Here's a variation on #detly's answer that lets you specify the messages from your main thread, instead of printing them from your target functions. This creates a wrapper function which calls your target and then prints a message before terminating. You could modify this to perform any kind of standard cleanup after each thread completes.
#!/usr/bin/python
import threading
import time
def target1():
time.sleep(0.1)
print "target1 running"
time.sleep(4)
def target2():
time.sleep(0.1)
print "target2 running"
time.sleep(2)
def launch_thread_with_message(target, message, args=[], kwargs={}):
def target_with_msg(*args, **kwargs):
target(*args, **kwargs)
print message
thread = threading.Thread(target=target_with_msg, args=args, kwargs=kwargs)
thread.start()
return thread
if __name__ == '__main__':
thread1 = launch_thread_with_message(target1, "finished target1")
thread2 = launch_thread_with_message(target2, "finished target2")
print "main: launched all threads"
thread1.join()
thread2.join()
print "main: finished all threads"
The thread needs to be checked using the Thread.is_alive() call.
Why not just have the threads themselves print a completion message, or call some other completion callback when done?
You can the just join these threads from your main program, so you'll see a bunch of completion messages and your program will terminate when they're all done, as required.
Here's a quick and simple demonstration:
#!/usr/bin/python
import threading
import time
def really_simple_callback(message):
"""
This is a really simple callback. `sys.stdout` already has a lock built-in,
so this is fine to do.
"""
print message
def threaded_target(sleeptime, callback):
"""
Target for the threads: sleep and call back with completion message.
"""
time.sleep(sleeptime)
callback("%s completed!" % threading.current_thread())
if __name__ == '__main__':
# Keep track of the threads we create
threads = []
# callback_when_done is effectively a function
callback_when_done = really_simple_callback
for idx in xrange(0, 10):
threads.append(
threading.Thread(
target=threaded_target,
name="Thread #%d" % idx,
args=(10 - idx, callback_when_done)
)
)
[t.start() for t in threads]
[t.join() for t in threads]
# Note that thread #0 runs for the longest, but we'll see its message first!
What I would suggest is loop like this
while len(threadSet) > 0:
time.sleep(1)
for thread in theadSet:
if not thread.isAlive()
print "Thread "+thread.getName()+" terminated"
threadSet.remove(thread)
There is a 1 second sleep, so there will be a slight delay between the thread termination and the message being printed. If you can live with this delay, then I think this is a simpler solution than the one you proposed in your question.
You can let the threads push their results into a threading.Queue. Have another thread wait on this queue and print the message as soon as a new item appears.
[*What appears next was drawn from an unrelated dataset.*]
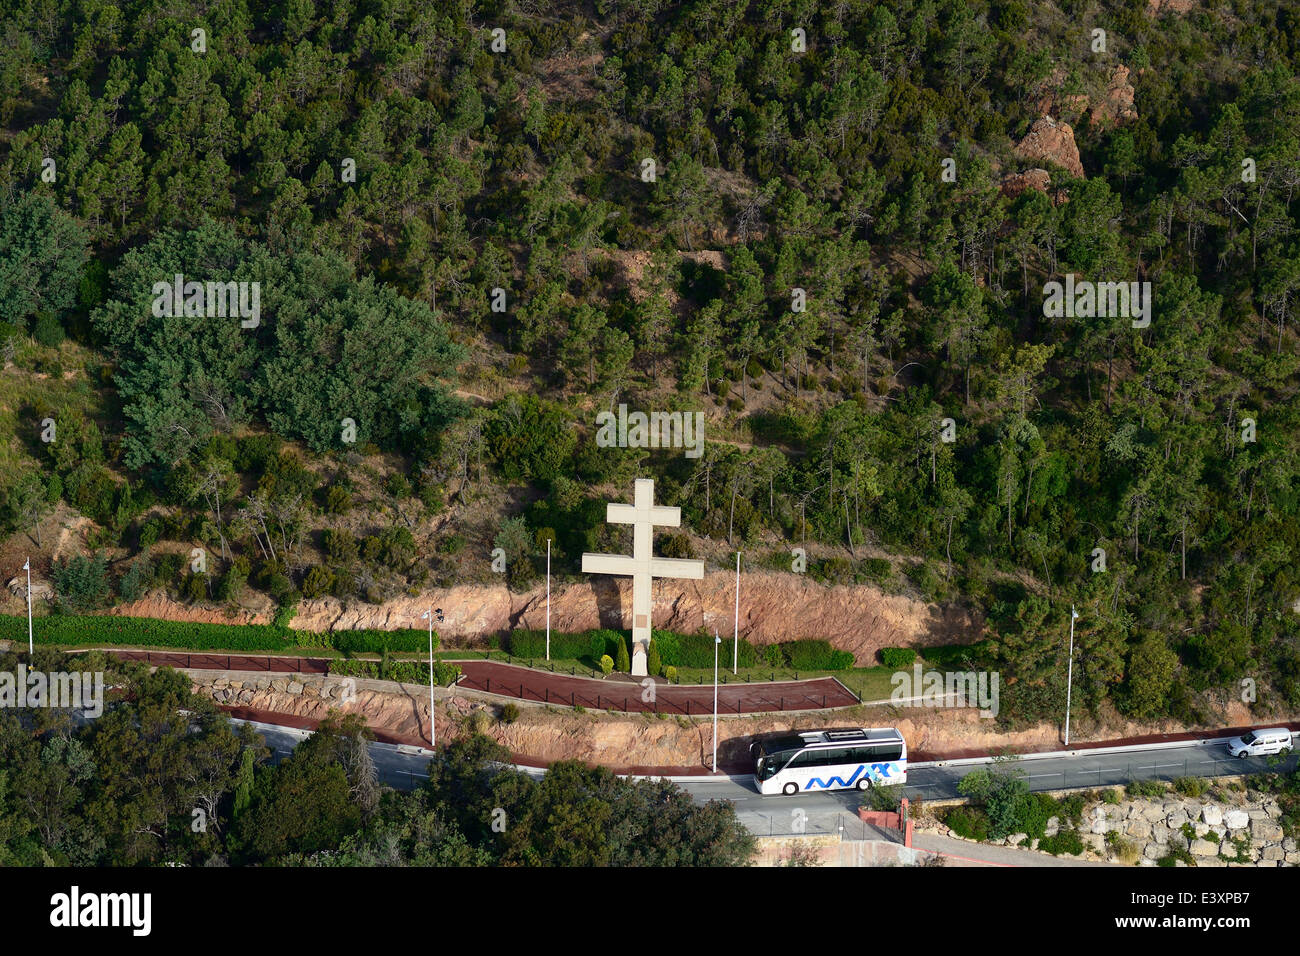 La croix de lorraine hi-res stock photography and images - Alamy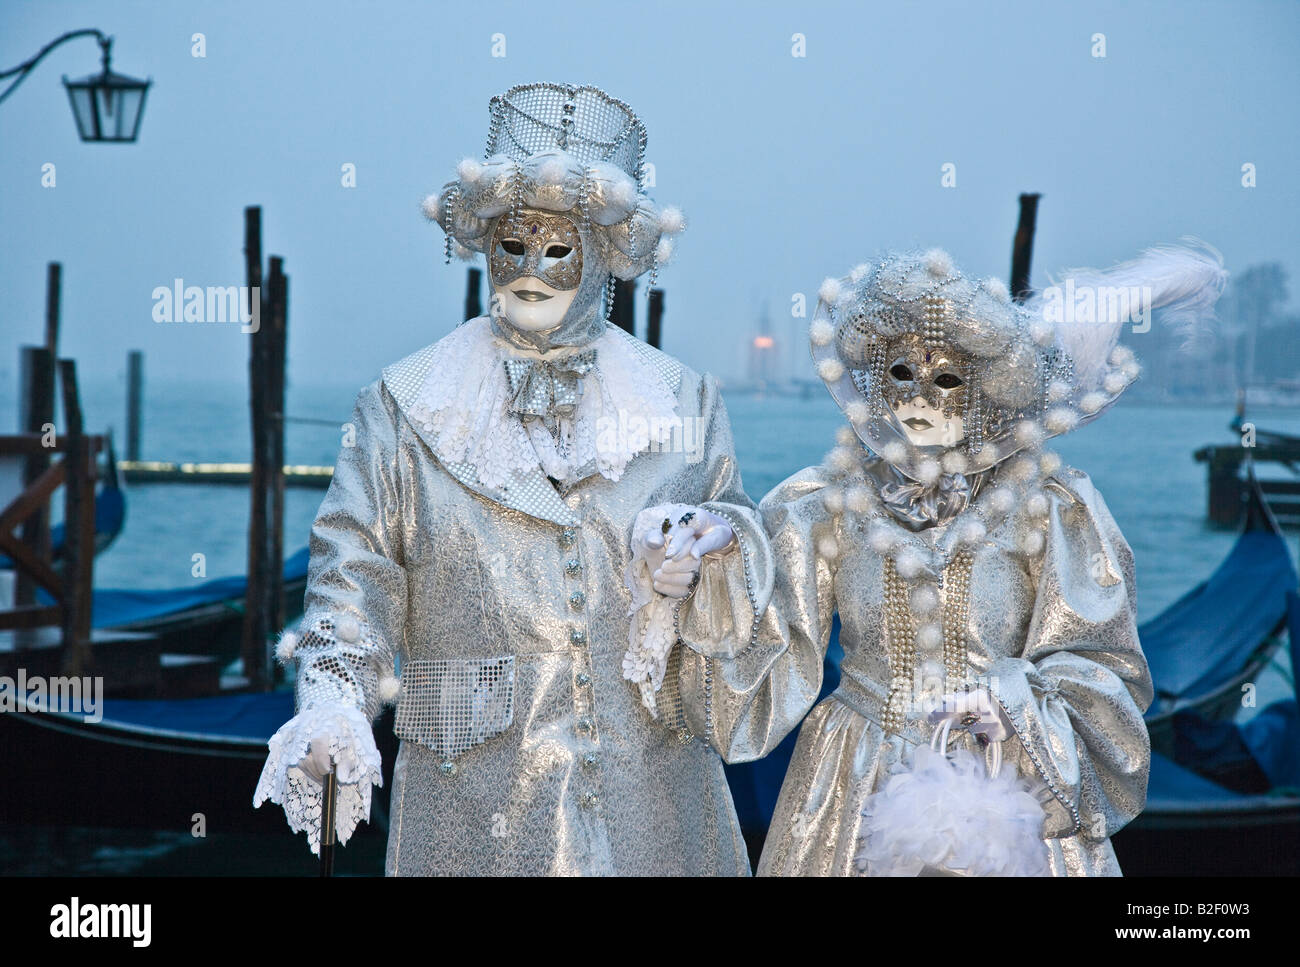 Carnaval de Venise participants costumés Banque D'Images

I'm not sure I see the problem with using:
threading.activeCount()
to track the number of threads that are still active?
Even if you don't know how many threads you're going to launch before starting it seems pretty easy to track. I usually generate thread collections via list comprehension then a simple comparison using activeCount to the list size can tell you how many have finished.
See here: http://docs.python.org/library/threading.html
Alternately, once you have your thread objects you can just use the .isAlive method within the thread objects to check.
I just checked by throwing this into a multithread program I have and it looks fine:
for thread in threadlist:
print(thread.isAlive())
Gives me a list of True/False as the threads turn on and off. So you should be able to do that and check for anything False in order to see if any thread is finished.
I use a slightly different technique because of the nature of the threads I used in my application. To illustrate, this is a fragment of a test-strap program I wrote to scaffold a barrier class for my threading class:
while threads:
finished = set(threads) - set(threading.enumerate())
while finished:
ttt = finished.pop()
threads.remove(ttt)
time.sleep(0.5)
Why do I do it this way? In my production code, I have a time limit, so the first line actually reads "while threads and time.time() < cutoff_time". If I reach the cut-off, I then have code to tell the threads to shut down.